OE e pressão da Europa Uma coisa que o secretário-geral do PCP tem sublinhado é que a “solução política” de hoje não é suficiente. Por outras palavras, Jerónimo defende a necessidade de o PS “romper com constrangimentos externos” que vêm de Bruxelas para que essas exigências não se tornem num “grave bloqueio à resposta aos problemas do país”. O comunista sabe que da Europa continuarão a vir “pressões e chantagens sobre o Orçamento do Estado para 2017”, mas sabe também que o PS nunca deu sinais de querer romper os compromissos europeus, pelo que advinha uma negociação complicada.

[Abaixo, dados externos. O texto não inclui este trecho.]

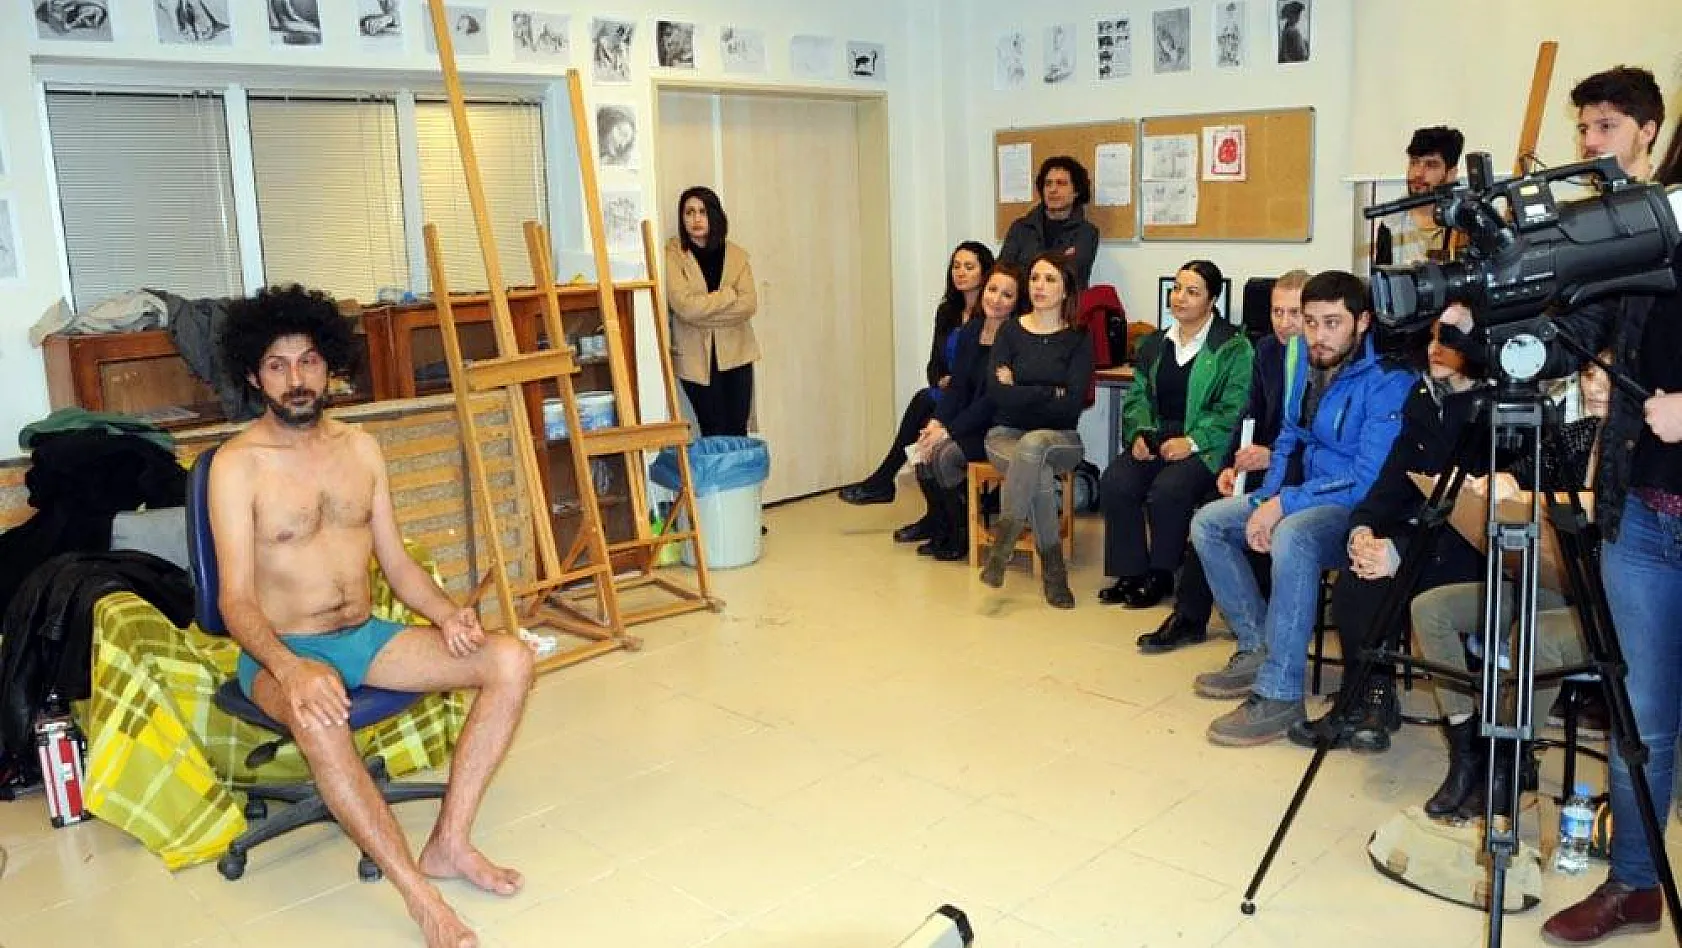 ERÜ Güzel Sanatlar Fakültesi 3 ila 4 bin lira ücretle canlı model arıyor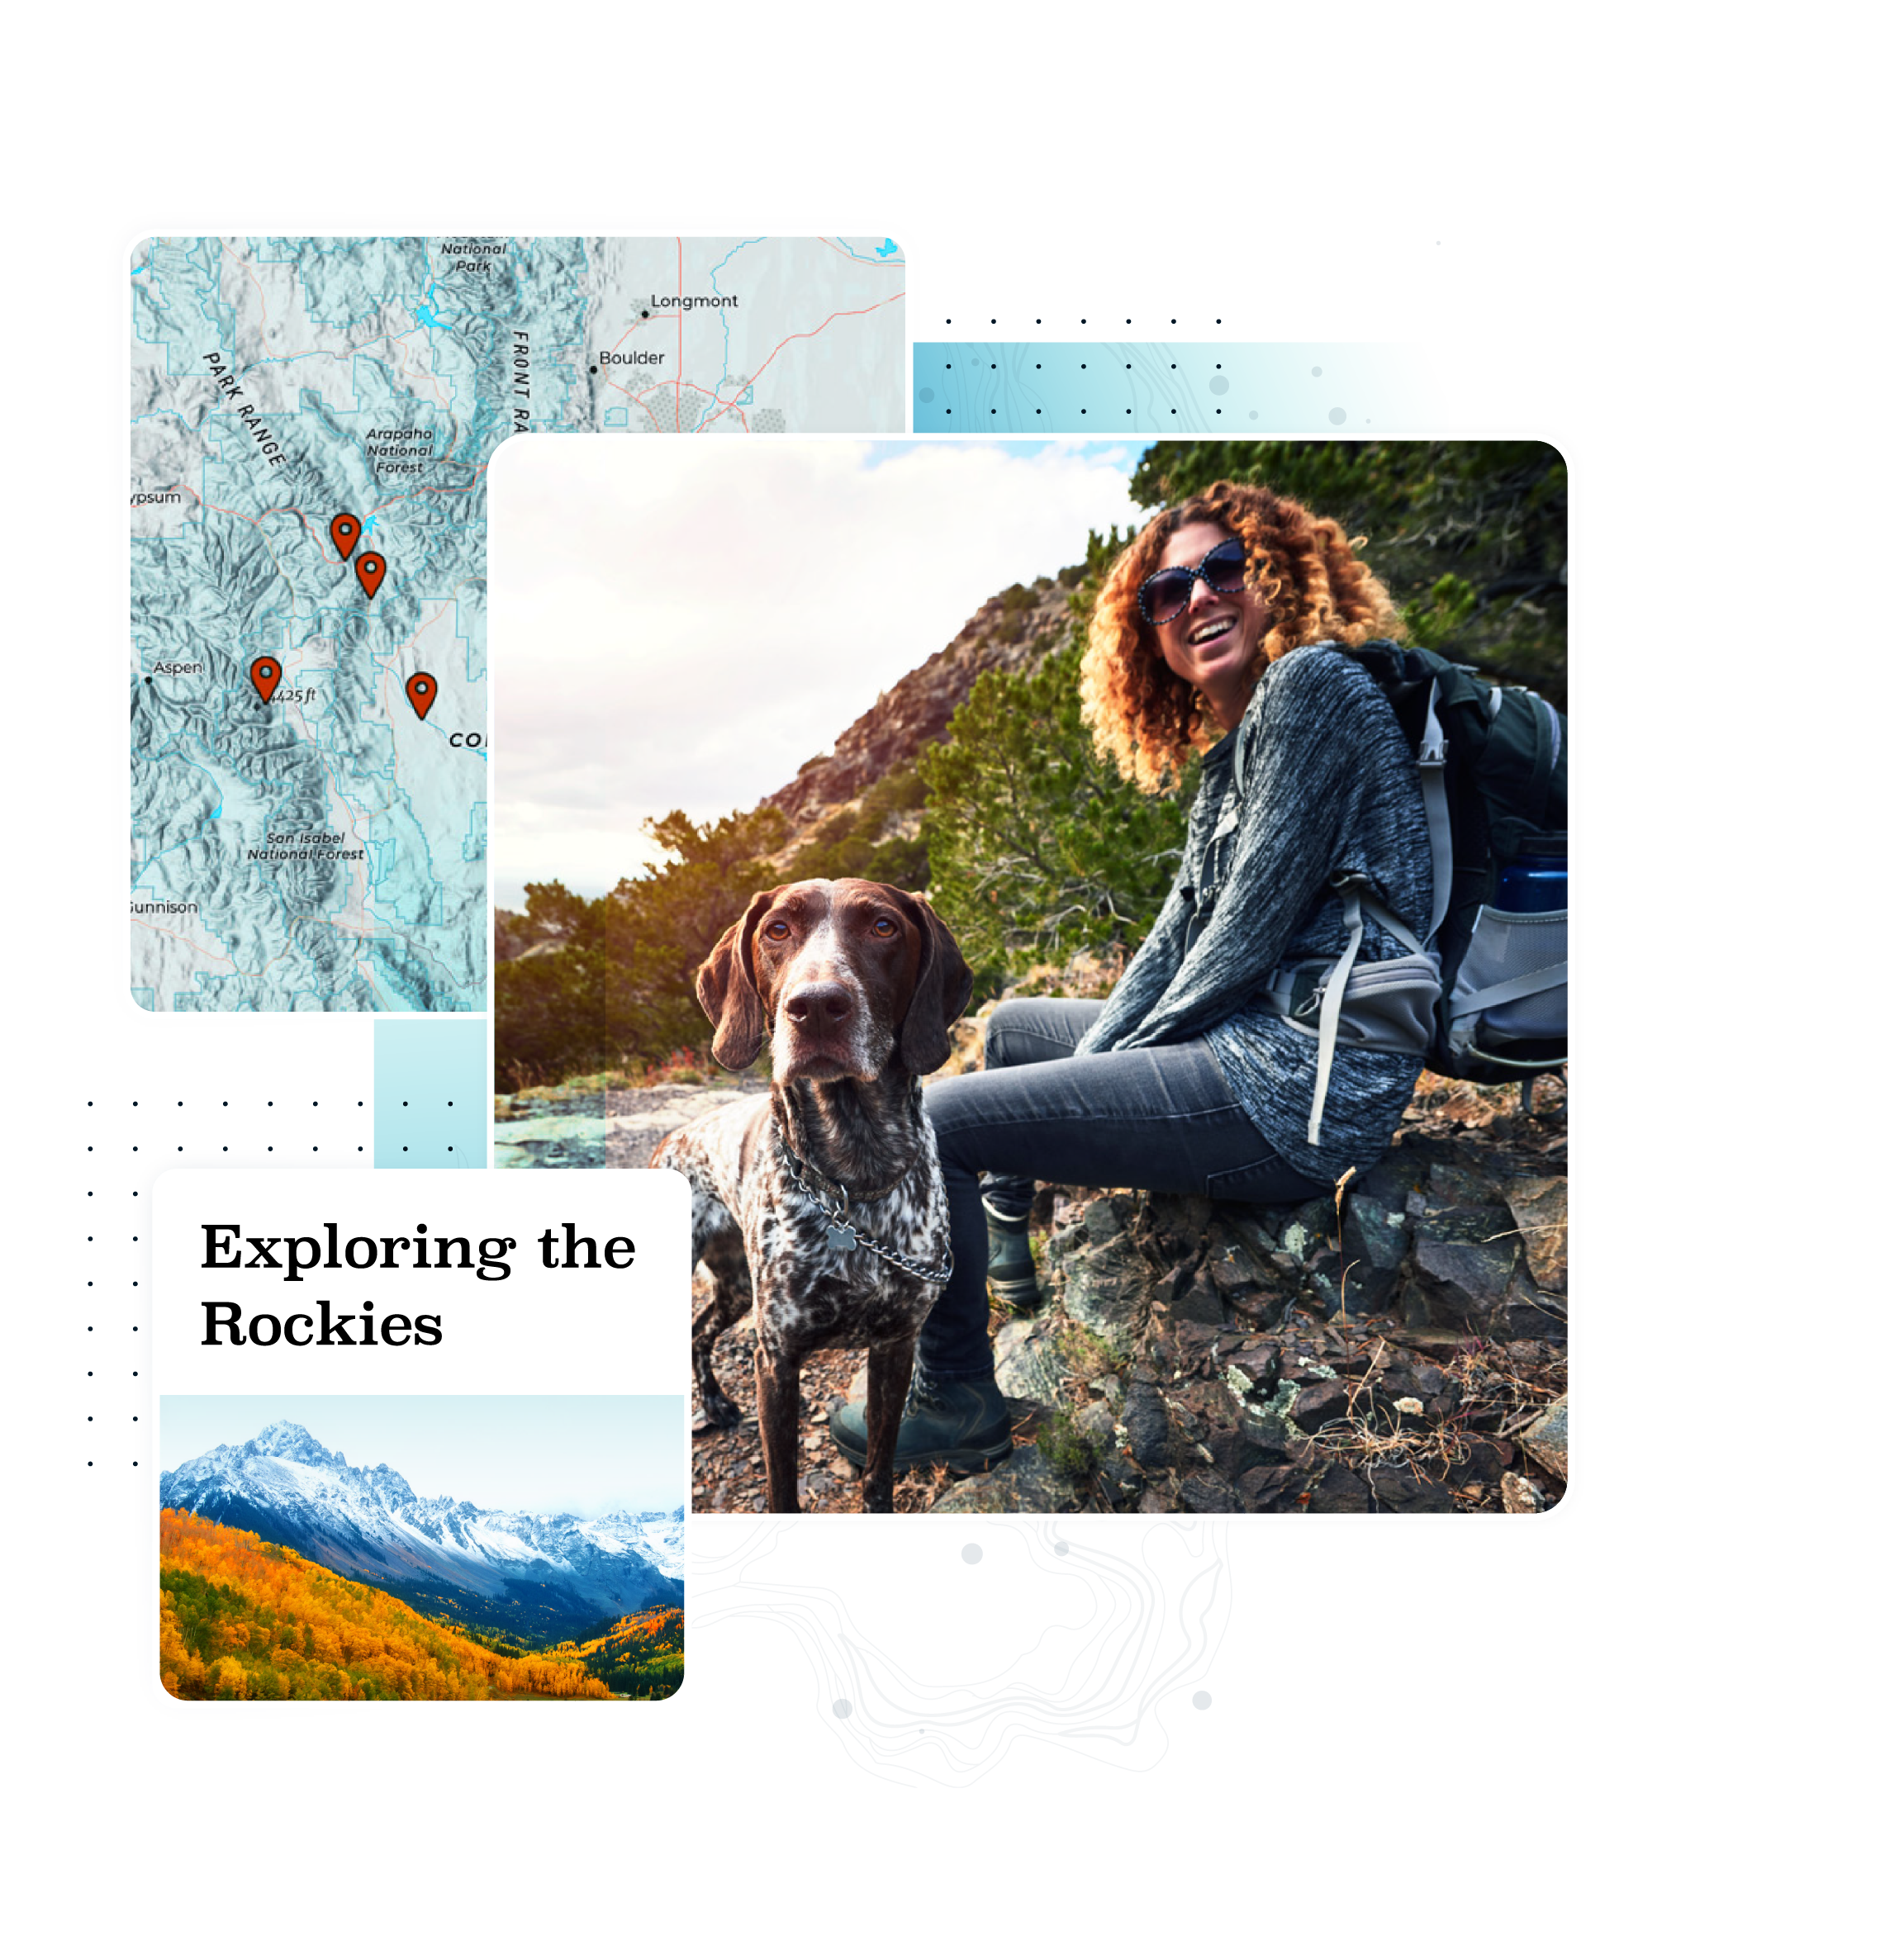 Carte du Colorado. Une femme portant un sac à dos sourit sur un rocher avec son chien. Montagnes avec le texte « Exploration des montagnes Rocheuses ».

Também Catarina Martins, numa entrevista ao “Público”, deixou claro que a pressão da Europa promete tornar tudo mais difícil. “Toda a chantagem está a ser feita para condicionar o Orçamento. A política da União Europeia mantém-se, quer manter processos de privatizações, baixar custos de trabalho”, afirmou a bloquista. Recorde-se que a coordenadora do BE chegou mesmo a falar num referendo à Europa, caso Bruxelas tivesse avançado com sanções ao país pelo incumprimento do défice.
No que toca ao OE para 2017, Jerónimo não se cansa de repetir que só depois de conhecer o conteúdo do documento é que os comunista decidirão se vão ou não apoiá-lo. “O nosso compromisso é examinar a proposta, abertos que estamos a propor e encontrar soluções”, explicou ainda no domingo o líder comunista. Aguardam-se cenas dos próximos episódios.